What makes BERT unique? Truthfully, it’s because BERT provides “context” unlike Word2Vec, Glove2Vec, and more. Previously, I did a post on the introduction of BERT with Say Hello to BERT! and What Problems Will BERT Aim to Solve?
In order to understand how BERT improves natural language understanding, I will break it down for you.
B is for Bi-directional
- What do the previous language models have in common? They could move in 1 direction, either from only left to right or right to left. To know the context of a sentence, it uses either of the two directions mentioned.
- However, BERT is uses a bi-directional approach. A first of its kind! Now, BERT can scan a sentence as a whole.

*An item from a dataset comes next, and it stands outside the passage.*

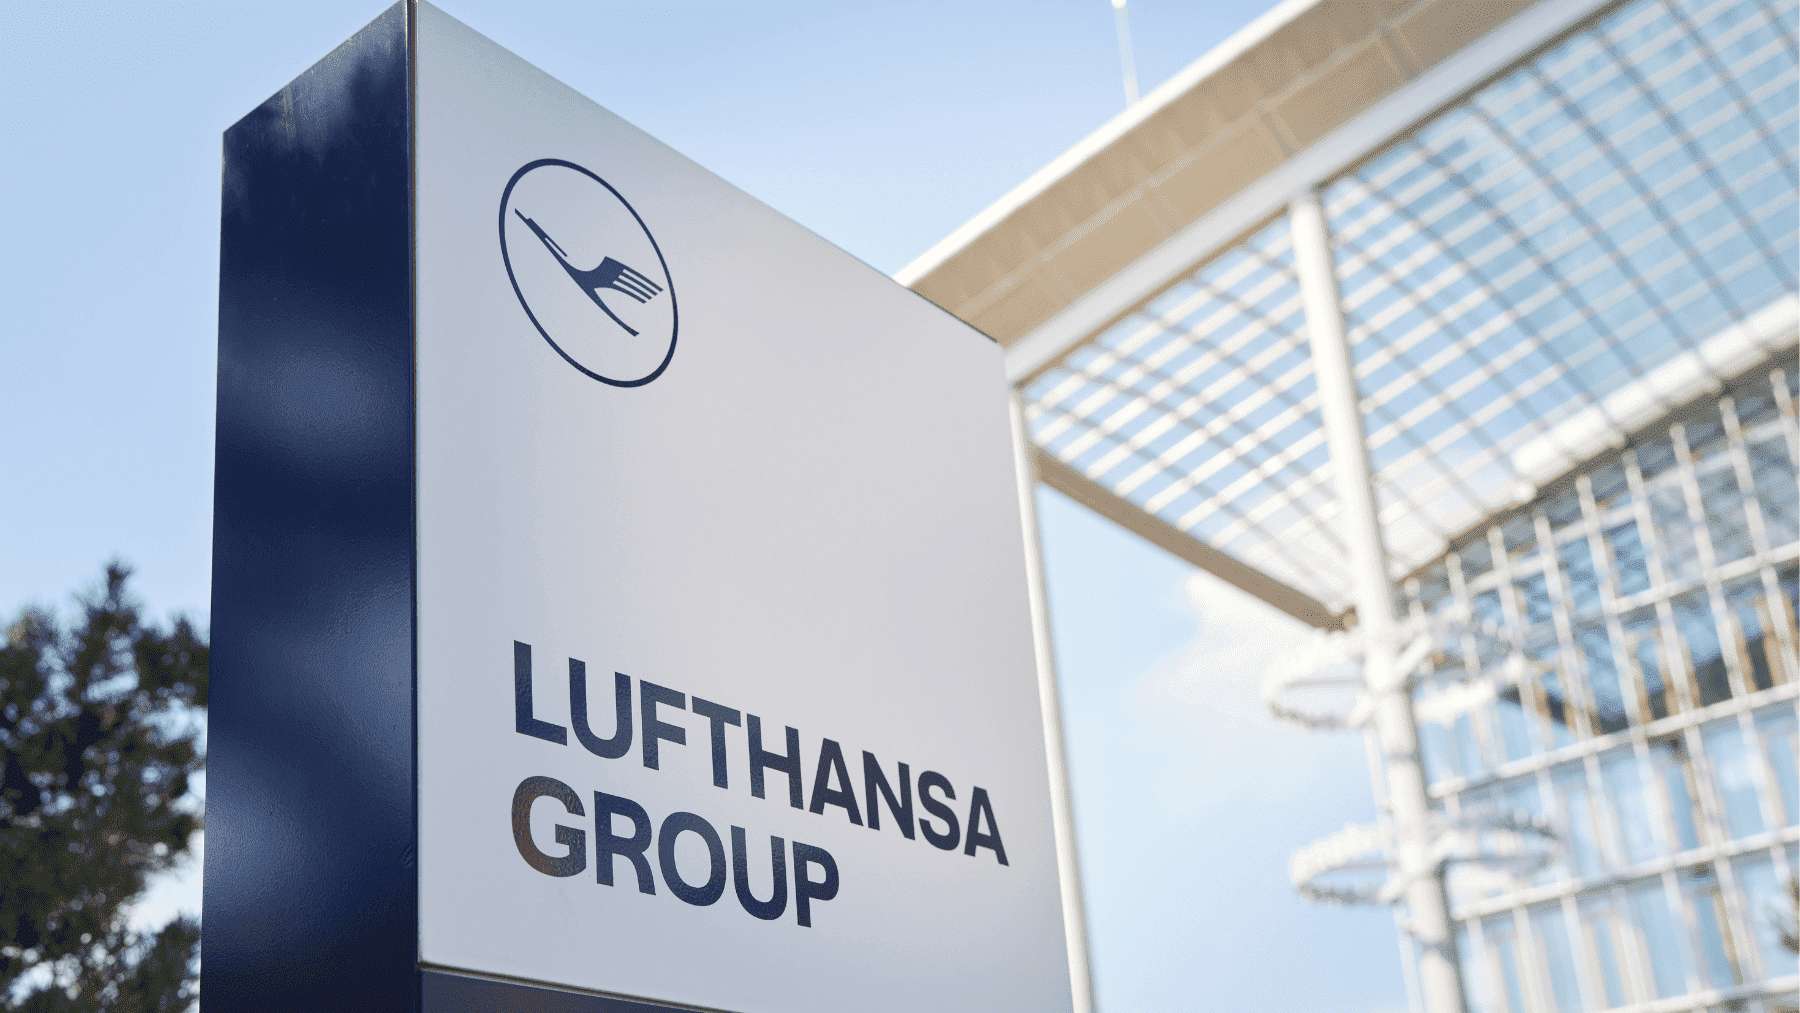 Sede del Grupo Lufthansa.   (Foto: Lufthansa)

ER means Encoder Representations
- What goes in goes out. BERT utilizes an “in-and-out” method so whatever you try to put it, BERT will decode and solve.
T stands for Transformers
- Lastly, BERT now has a masked language model (MLM), which was impossible in the past. Before, it was hard to learn the context of a sentence. For a machine, it’s surely hard to understand the meaning of things. Previous models struggled with natural language understanding.
- For example, search engines could easily mix up the pronouns used. Who is “he”, “she”, “they” or “we” in this sentence? Machines could easily get confused on the meanings especially when multiple pronouns are involved.
- Hence, this is where the “transformers” come in handy. It will help search engines keep an eye on the pronouns and meanings whether it’s directly stated or implied. This way, BERT can quickly tell who is the receiver and sender of the sentence, and understand the context as well.
- The masked language modeling is there to stop search engines from taking the words too literally. When there’s a “mask”, BERT reads between the lines and tries to guess the missing word.
BERT in the World of Google Search
More understanding on the human language
- BERT is there to try to decipher the nuances of people: on how they speak, how they type, and how they communicate in general. When Google understands human language on a deeper level, it is a huge breakthrough for online search.
Seeks to improve conversational search
- As I said earlier, it is NOT just how humans type their queries. However, it is also about how humans do voice search.
Expand SEO to an international level
- With the English language that’s being fed to BERT, it will surely master the 2,500 million words quickly. BERT may be mono-linguistic now… but who knows in the future?
- BERT could master multiple languages and translate the English phrases into various languages. Yes, multilingual BERT could be a real possibility even if at this point, BERT can’t still fully understand other major languages. Eventually, it will come.
Solves ambiguous and confusing questions
- Currently, people are complaining how the search results are being ranked. With BERT, ambiguity is hoped to be lessened. Google can now have a better understanding at the context of words and knowledge of resolving ambiguous queries.